1. A medicine relation extraction method based on deep learning is characterized by comprising the following steps:

s1, obtaining documents related to the medicine, dividing the text content of the documents into sentences by taking the sentences as basic units, and taking each sentence as an initial sample;

s4, obtaining and converting the SMILES expressions of all the drug molecules into graph structures, and obtaining the drug molecule feature vector of each drug in the graph structures;

s5, representing the words in the text as vectors, and substituting the vectors for the corresponding words to vectorize each sentence;

2. The method for extracting drug relationship based on deep learning of claim 1, wherein the step S2 is to label the retained samples, and the specific method for obtaining the labeled samples is as follows:

according to the DDIExtraction2013 challenge rule, the tags are divided into 5 classes, which are respectively: advice, action, drug mechanism, positive and irrelevant.

3. The method for extracting drug relationship based on deep learning of claim 1, wherein the specific method of step S3 is as follows:

4. The deep learning-based drug relationship extraction method as claimed in claim 1, wherein the specific method of step S4 includes the following sub-steps:

Where σ (-) is the sigmod activation function; h_t-1Is a parameter matrix;

s4-4, according to the formula:

5. The deep learning-based drug relationship extraction method according to claim 1, wherein the specific method of step S5 is:

6. The deep learning based drug relationship extraction method as claimed in claim 1, wherein the deep learning network in step S6 is a two-way long-short term memory model, wherein the expression of the two-way long-short term memory model is:

i_p＝σ(W_xix_p+W_hih_p-1+b_i)

f_p＝σ(W_xfx_p+W_hfh_p-1+b_f)

c_p＝f_pc_p-1+i_ptanh(W_xcx_p+W_hch_p-1+b_c)

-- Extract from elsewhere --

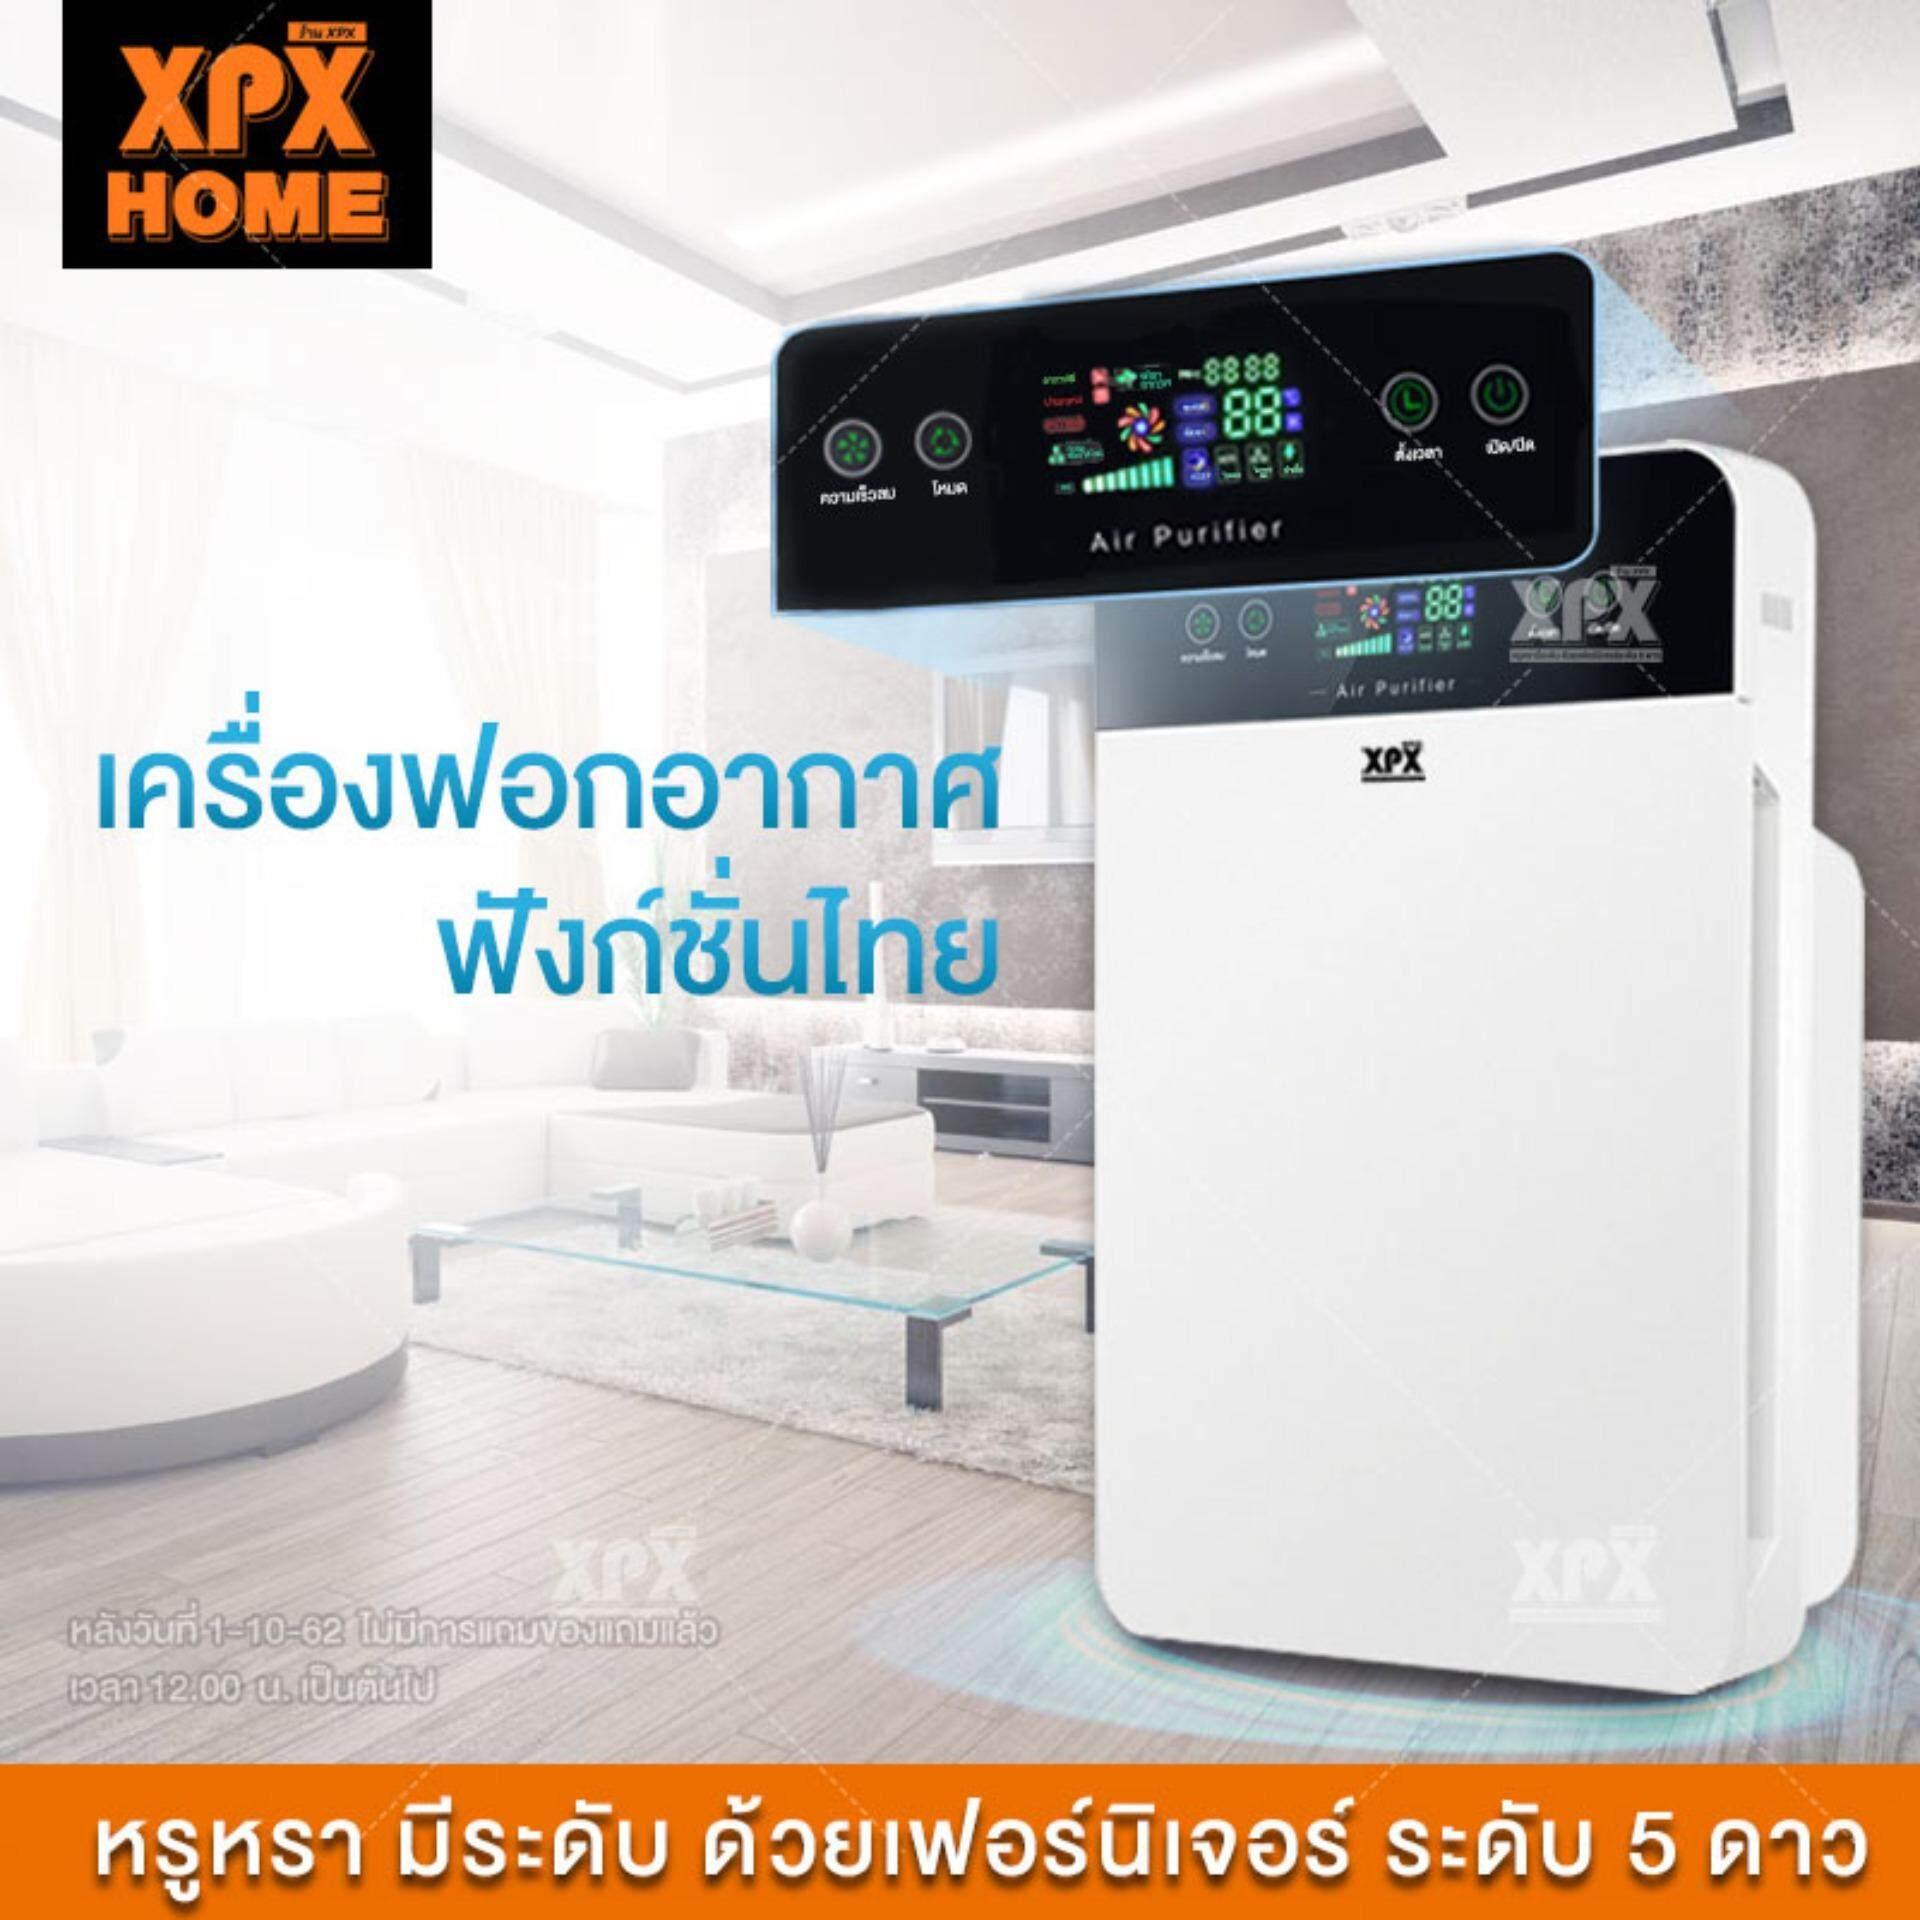 XPX เครื่องฟอกอากาศ เครื่องฟอกอากาศฟังก์ชั่นภาษาไทย สำหรับห้อง 32 ตร.ม. กรองได้ประสิทธิภาพมากที่สุด กรองฝุ่น ควัน และสารก่อภูมิแพ้ ไรฝุ่น JD55

o_p＝σ(W_xox_p+W_hoh_p-1+b_o)

h_p＝o_ptanh(c_p)

wherein i_pRepresents the output of the input gate; σ (-) is a sigmod activation function; w_xiA parameter matrix representing between the input and the input gate; x is the number of_pIs the input of the model; w_hiIs a parameter matrix between the hidden layer and the input gate; h is_p-1A hidden layer output representing a last input word in the sentence; b_iAn offset vector representing an input gate; f. of_pAn output representing a forgetting gate; w_xfA parameter matrix representing between the input and the forgetting gate; w_hfA parameter matrix representing between the hidden layer and the forgetting gate; b_fAn offset vector representing a forgetting gate; c. C _pRepresenting the output of the memory cell; c. C_p-1The memory unit output corresponding to the last word is shown; tanh (-) is a tanh activation function; w_xcA parameter matrix representing the input and memory cells; w_hcA parameter matrix representing between the hidden layer and the memory cell; b_cAn offset vector representing a memory cell; o_pRepresents the output of the output gate; w_xoRepresenting a parameter matrix between the output gate and the input; w_hoRepresenting a parameter matrix between the output gate and the hidden layer; b_oAn offset vector representing an output gate; h is_pRepresenting the output of the two-way long-short term memory model.

7. The method for extracting drug relationship based on deep learning of claim 1, wherein the specific method of step S7 is as follows:

8. The method for extracting drug relationship based on deep learning of claim 1, wherein the specific method of step S8 is as follows:

inputting the integral characteristic vector corresponding to each sentence into a full connection layer, and according to a formula:

X'＝tanh(W'X+b')

9. The method for extracting drug relationship based on deep learning of claim 1, wherein the specific method of step S9 is as follows:

according to the formula:

The class with the highest probability is used as the medicine-pair relation obtained by identification, and medicine relation extraction is completed; wherein softmax (·) is a softmax function; w' is a classification parameter matrix;b "is the classification parameter offset.